Rss Feed
  1. Kita tidak membutuhkan waktu cukup lama untuk saling mencintai. Aku sudah mencintaimu saat pertama kali kita berbincang, saat aku bahkan belum tahu namamu.

    Iya, saat pada suatu malam kau menghampiri aku yang sedang berbincang dengan seorang bocah keriting[1] di atas atap. Kau yang tiba-tiba datang malah mendominasi pembicaraan. Kita mungkin tak akan berhenti berbicara jika aku tidak mengingatkan bahwa malam sudah larut dan kita semua harus tidur.

    Entah apa yang membuatku merasakan ada sesuatu yang tidak biasa. Tapi aku cepat-cepat menolak rasa itu dan mengingatkan diriku sendiri bahwa aku sedang menjalin hubungan dengan seorang lelaki dan saat itu aku meyakini kami saling mencintai. Meski pada saat yang bersamaan aku merasakan ada sesuatu yang hambar antara aku dan dia, semacam kehilangan rasa atau entah apa namanya, dan itu sudah terjadi sebelum kita bertemu.

    Keesokan harinya aku tidak begitu ambil pusing denganmu. Aku bahkan tidak memperhatikanmu. Saat itu aku sedang berusaha meyakinkan diri bahwa hubunganku dengan kekasihku baik-baik saja. Meyakinkan diri bahwa aku masih mencintainya.

    Kau tentu tahu apa yang kemudian terjadi pada kita, bagaimana pada akhirnya kita menjadi semakin dekat, bagaimana kita terlalu sering memperhatikan satu sama lain, aku pikir tak perlu aku ceritakan lagi.

    Kau tentu masih ingat ketika secara tersirat aku mengatakan padamu bahwa aku sedang menjalin hubungan dengan orang lain di malam ketika kita menikmati wedang jahe buatan seorang teman. Aku melihat air mukamu berubah. Saat itulah aku menyadari kau memang benar mencintaiku.

    Sampai pada akhirnya, beberapa hari setelah itu aku mengajakmu bicara dan dengan jujur aku utarakan perasaanku. Aku mengakui bahwa aku mencintaimu, tapi aku juga mengatakan bahwa gagasan tentang ‘kita’ harus dikubur dalam-dalam sebab aku tak mau menyakiti kekasihku. Meski aku sendiri tak yakin dengan hubunganku yang menurutku semakin sulit.

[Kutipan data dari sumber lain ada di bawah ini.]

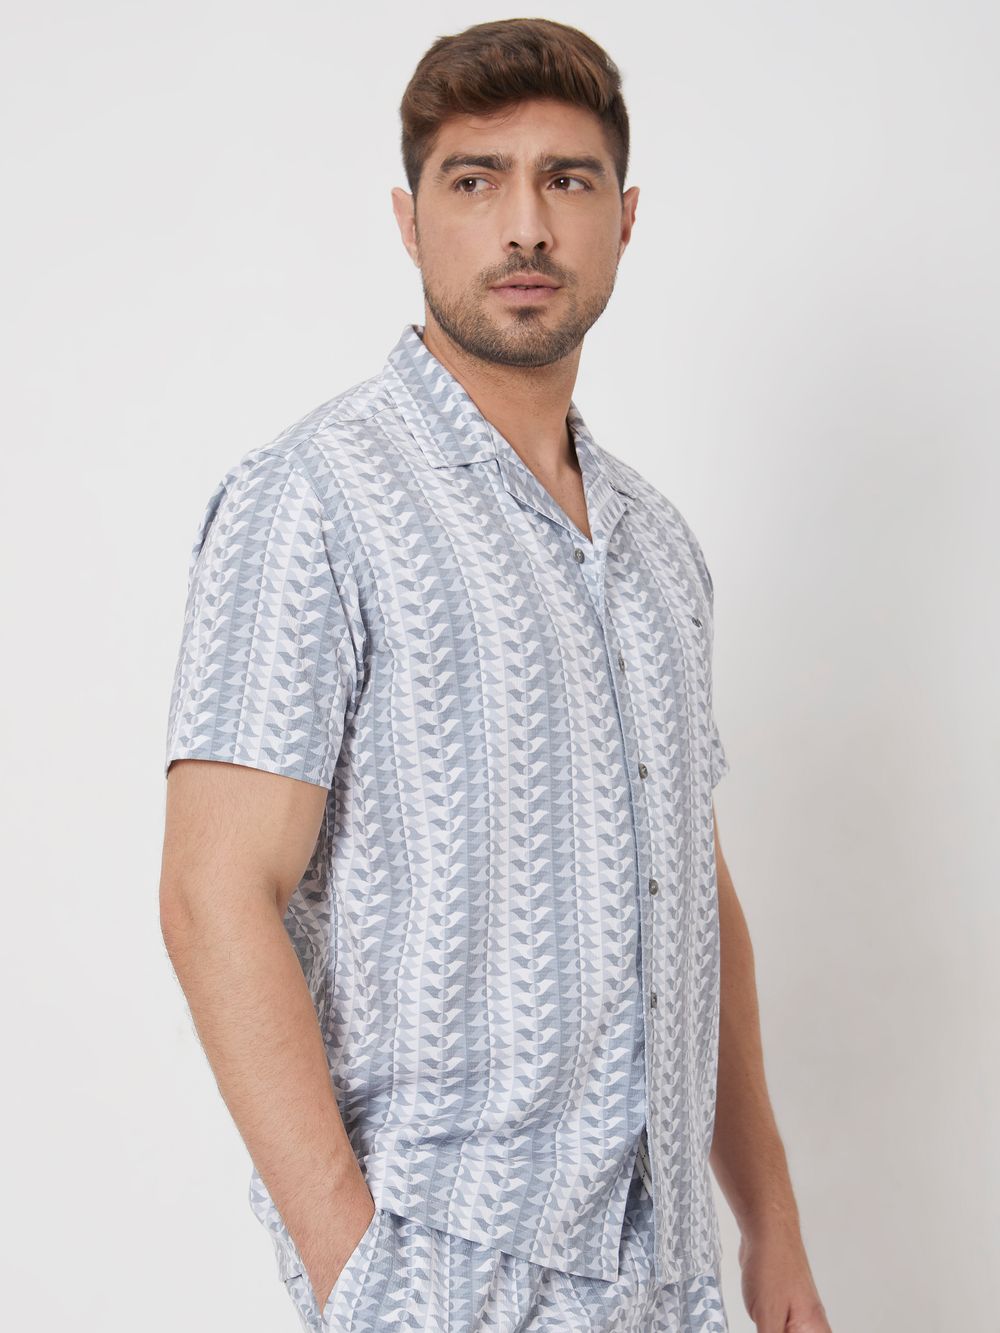 Grey Resort Print Relaxed Fit Casual Shirt

    Singkatnya, aku kemudian mengakhiri hubunganku dengan kekasihku. Dan ternyata kau yang juga sedang menjalin hubungan—meski kenyataan ini aku ketahui di kemudian hari—menyudahi hubunganmu.

    Di mata kekasihmu, kau mungkin terlihat jahat, aku pun begitu. Aku bahkan cukup lama berlarut-larut dalam rasa bersalah. Dan kau berulang kali meyakinkan kalau itu tidak perlu. Saat aku berkali-kali merasa jahat, kau juga terus meyakinkan kalau jahat dan baik itu tergantung dari mana dan siapa yang melihatnya. Kau benar, kita tidak mungkin terlihat baik di mata semua orang.

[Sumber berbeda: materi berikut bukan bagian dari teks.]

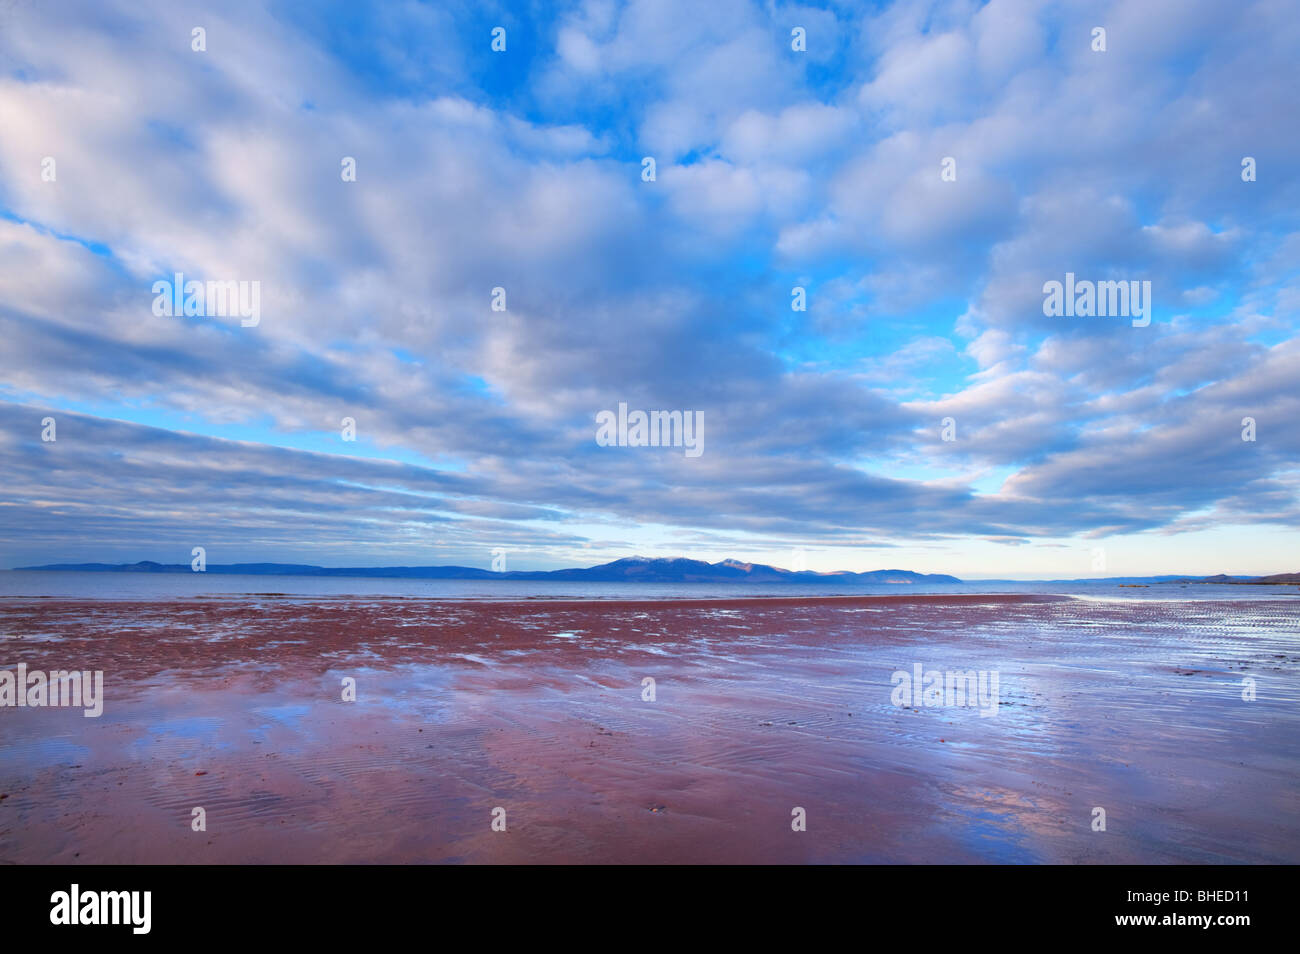 The Isle of Arran from the beach at Seamill, Firth of Clyde, Scotland, UK. Stock Photo

    Kita juga pernah melewati masa-masa sulit. Aku, lebih tepatnya. Hanya saja kesulitan itu berimbas juga padamu. Kau tentu tidak lupa masa-masa ketika untuk waktu yang cukup lama kita menahan keinginan nonton di bioskop. Bahkan kita harus berpikir ulang untuk makan di pecel lele pinggir jalan. Atau ketika kau mengutarakan kalau kau ingin sekali makan bebek goreng tapi kita hanya bisa makan di warteg. Dan ketika untuk beberapa hari kau terpaksa menahan keinginan merokok. Tapi kita tetap tertawa. Kita bahagia.

    Masa sulit itu sudah kita lewati, meskipun bisa jadi masa seperti itu akan datang lagi. Tapi aku yakin kita tidak akan kehilangan kebahagiaan. Kita selalu punya cara untuk tertawa, ada banyak hal yang bisa kita tertawakan, menertawakan diri sendiri misalnya. Atau menertawakan Timeh[2].

    Di depanmu, aku selalu bisa jadi diriku sendiri. Aku tak perlu takut terlihat bodoh atau terlihat jelak. Tak pernah khawatir terlihat cengeng atau kekanak-kanakan. Dan itu juga membahagiakan.

    Akan seperti apa kita nanti, kita tak akan pernah tau. Yang jelas, selama kamu dan aku masih menjadi kita, semoga kita tetap bisa saling membahagiakan.

    Selamat ulang tahun, kamu, kekasihku. Berbahagialah!




    [1] Bukan bocah dalam arti sebenarnya. Usia kami hanya terpaut empat tahun, hanya saja aku sudah menganggapnya adik.